Exercise materials:
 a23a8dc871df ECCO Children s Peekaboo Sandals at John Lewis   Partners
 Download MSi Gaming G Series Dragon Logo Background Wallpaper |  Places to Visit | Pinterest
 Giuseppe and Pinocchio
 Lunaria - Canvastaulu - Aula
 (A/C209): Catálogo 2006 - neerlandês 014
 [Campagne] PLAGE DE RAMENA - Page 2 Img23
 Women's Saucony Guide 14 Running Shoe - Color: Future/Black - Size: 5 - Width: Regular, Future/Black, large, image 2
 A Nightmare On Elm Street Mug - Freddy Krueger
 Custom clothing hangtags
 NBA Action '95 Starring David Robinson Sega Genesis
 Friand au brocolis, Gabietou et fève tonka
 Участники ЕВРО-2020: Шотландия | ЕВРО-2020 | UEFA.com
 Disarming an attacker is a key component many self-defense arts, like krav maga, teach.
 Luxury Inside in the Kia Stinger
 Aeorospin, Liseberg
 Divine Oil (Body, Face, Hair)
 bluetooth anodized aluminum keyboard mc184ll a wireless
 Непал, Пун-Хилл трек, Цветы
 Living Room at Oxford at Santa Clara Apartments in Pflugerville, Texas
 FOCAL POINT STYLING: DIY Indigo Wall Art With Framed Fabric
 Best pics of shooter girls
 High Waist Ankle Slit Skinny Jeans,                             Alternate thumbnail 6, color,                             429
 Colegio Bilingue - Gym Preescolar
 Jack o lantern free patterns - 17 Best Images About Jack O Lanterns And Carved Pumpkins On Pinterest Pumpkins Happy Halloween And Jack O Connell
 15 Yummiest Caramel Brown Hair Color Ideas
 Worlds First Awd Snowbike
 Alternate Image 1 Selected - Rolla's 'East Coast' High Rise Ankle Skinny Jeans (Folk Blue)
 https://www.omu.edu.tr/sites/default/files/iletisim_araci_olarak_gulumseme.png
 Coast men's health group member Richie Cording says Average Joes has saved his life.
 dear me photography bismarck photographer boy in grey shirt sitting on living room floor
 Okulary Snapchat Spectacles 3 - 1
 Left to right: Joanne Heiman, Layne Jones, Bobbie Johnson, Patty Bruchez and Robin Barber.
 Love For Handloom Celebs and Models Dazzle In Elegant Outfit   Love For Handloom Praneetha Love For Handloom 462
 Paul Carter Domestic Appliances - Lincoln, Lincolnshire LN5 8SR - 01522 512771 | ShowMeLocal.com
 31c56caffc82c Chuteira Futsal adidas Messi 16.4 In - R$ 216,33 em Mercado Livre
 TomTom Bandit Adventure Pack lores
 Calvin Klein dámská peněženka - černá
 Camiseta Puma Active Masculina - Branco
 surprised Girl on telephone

Your task:
Look above for the line that contains "Best pics of shooter girls". Starting there, transcribe every line exactly until you have copied the line that contains "Worlds First Awd Snowbike".

Task result:
 Best pics of shooter girls
 High Waist Ankle Slit Skinny Jeans,                             Alternate thumbnail 6, color,                             429
 Colegio Bilingue - Gym Preescolar
 Jack o lantern free patterns - 17 Best Images About Jack O Lanterns And Carved Pumpkins On Pinterest Pumpkins Happy Halloween And Jack O Connell
 15 Yummiest Caramel Brown Hair Color Ideas
 Worlds First Awd Snowbike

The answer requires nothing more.